SPI has four main signals as shown in the figure below.

The master is responsible for generating the clock in which the whole system works on and it selects which slave he will communicate with.

With regards to the architecture, we developed our own architecture as shown in the figure below.

SPI can work with 4 modes of operations according to 2 signals which are CPOL and CPHA as shown in the figure below. The choice of which mode depends on which type of slave we are communicating with.

We have 4 main registers which are:

1. SPI Control register (SPICR): This register is mainly responsible for enabling the SPI, controlling whether it is master or slave and controlling the mode of operation if it is a master.

2. SPI Data register (SPIDR): This register contains the data which needed to be sent and also received data.

3. SPI BaudRate register (SPIBR): It is responsible for the SPR signal which is the prescalar the is used to calculate the value the clock is divided by.

4. SPI Status register (SPISR): This register raises a flag when the data is successfully sent.

This module divides the system clock frequency by the Divisor which can be calculated from SPR bits from the SPIBR register.

This block has an inputs of CPOL and CPHA and then it generates the output clock on which the SPI sends data with.

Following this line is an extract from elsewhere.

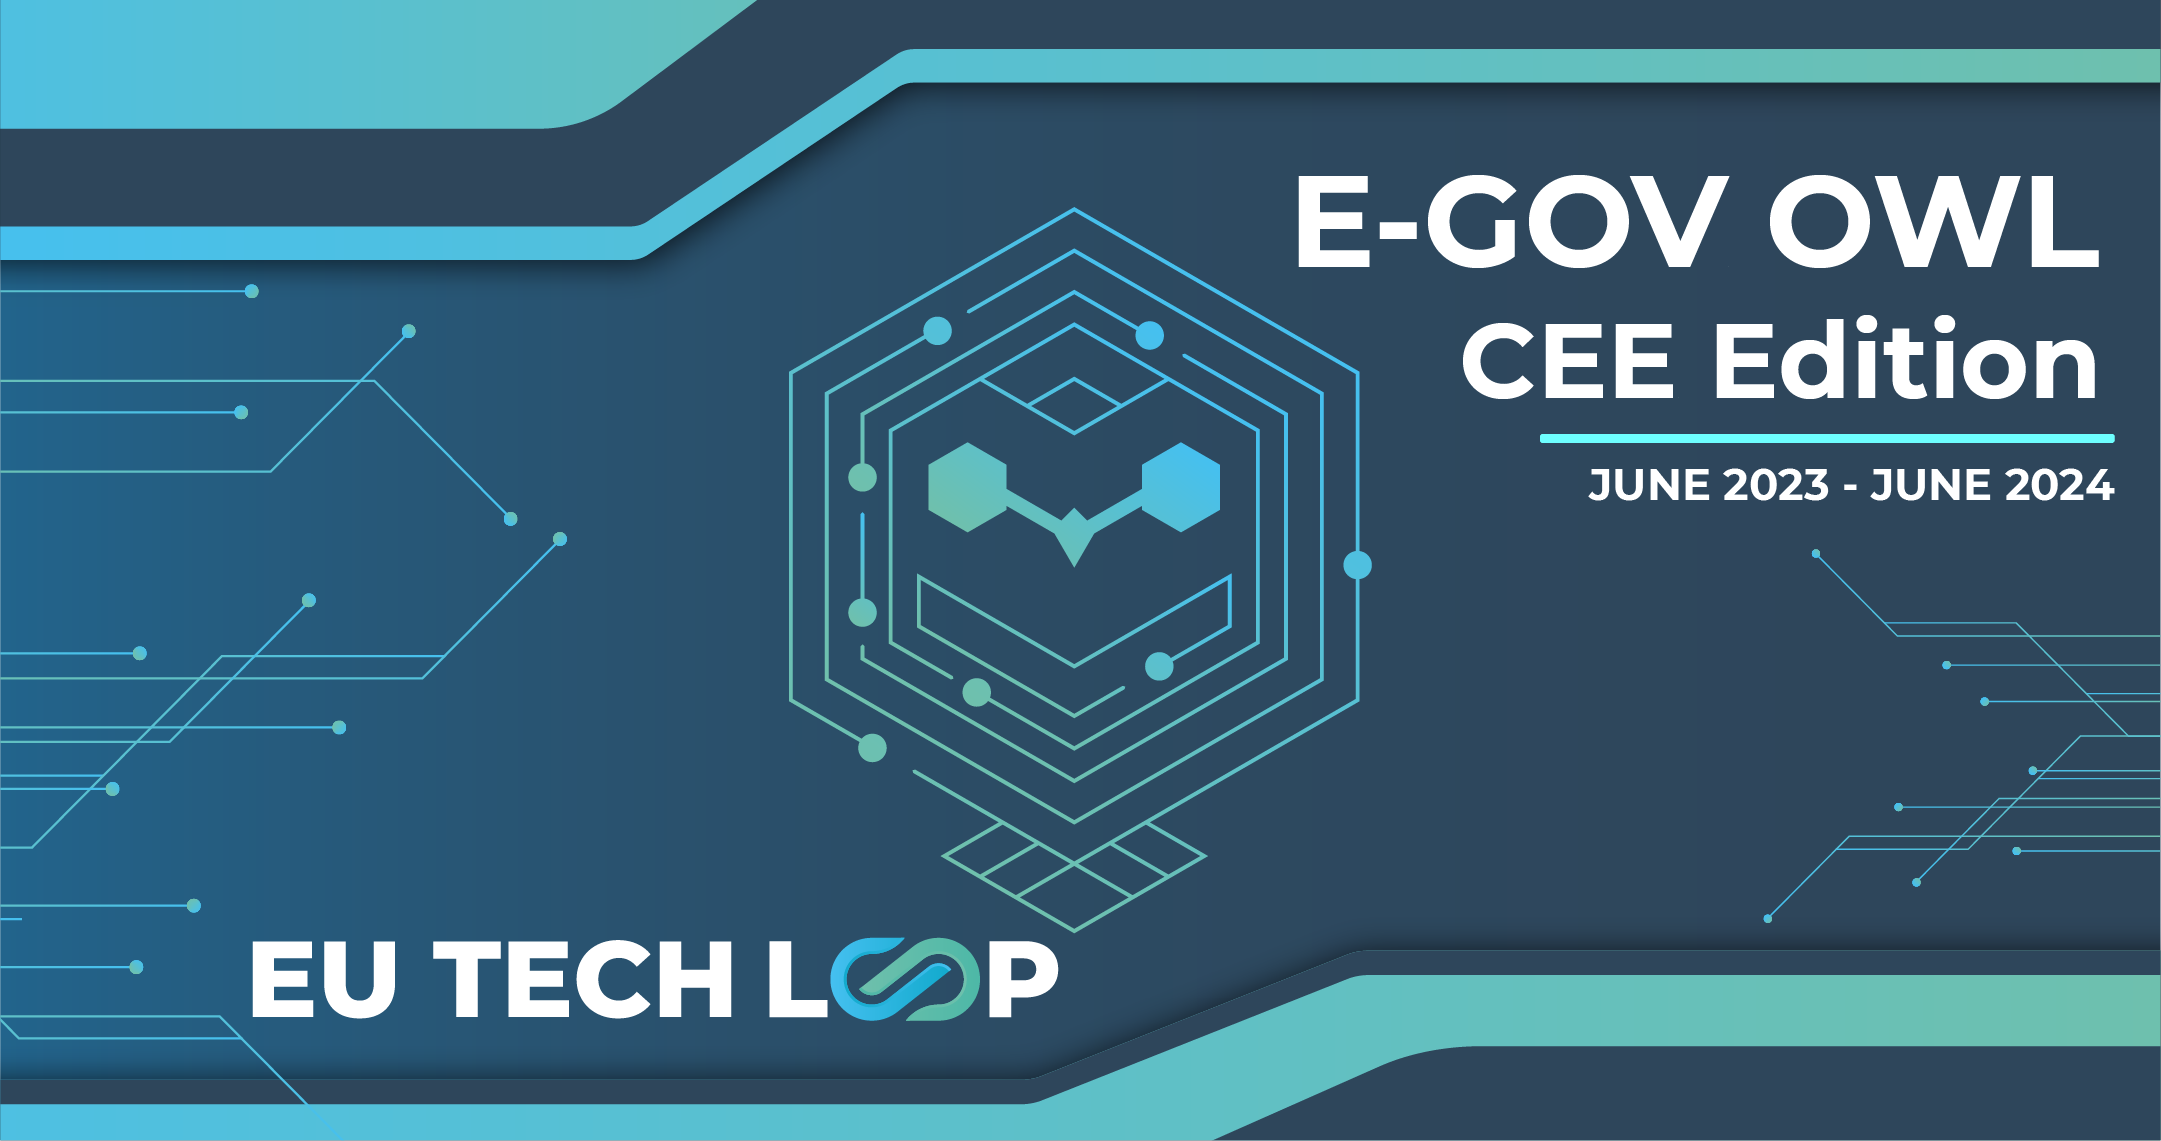 Meet E-GOV Owl: governments' digital transformation report

It also generates 2 signals which are Shift clock and Sample clock. The Master Block takes the M_BaudRate Signal and outputs the SCK_out. Whule the Slave Block takes the SCK_in and outputs the S_BaudRate signal.

1. Shift clock is when the data is Driven to output.

2. Sample clock is when the master/slave samples the data which is already driven by other device.

Depending on the MSTR signal coming from the SPDR register, this block selects whether the Shift and Sample clocks produced by SCK_control_master or SCK_control_slave is propagated into the Shifter. This Block also produces the control_BaudRate which is the main count signal of the controller.

The shifter block is the block which takes the shift and sample clocks from the Master_slave_select to Drive the data to be sent and sample the recieved data.

1. Start State is a state used for synchronization between the Slave and Master so that the idle state starts at the same edge.
2. Idle State is a state signaling the start of operation. In this state, data in the SPDR is recieved from the user and propagated into the Shifter Shift register, and the SPIF is set to zero.
3. Run State is the state of sending and recieving data. The bit counter starts to be enabled and counts from 0 to 7 a total of 8 counts. The shifter is enabled as well in this state.
4. Update State signals finishing the sending/recieving of data. The data from the shifter is transferred to the SPDR to be taken by the user. The next state from here returns to the Idle state since the Master and Slave is already synchronized.

A simple testbench was created consisting of a few directed tests where a value of the SPDR is set at periodic intervals and then it is checked to see whether the data recieved at the corresponding device is the same.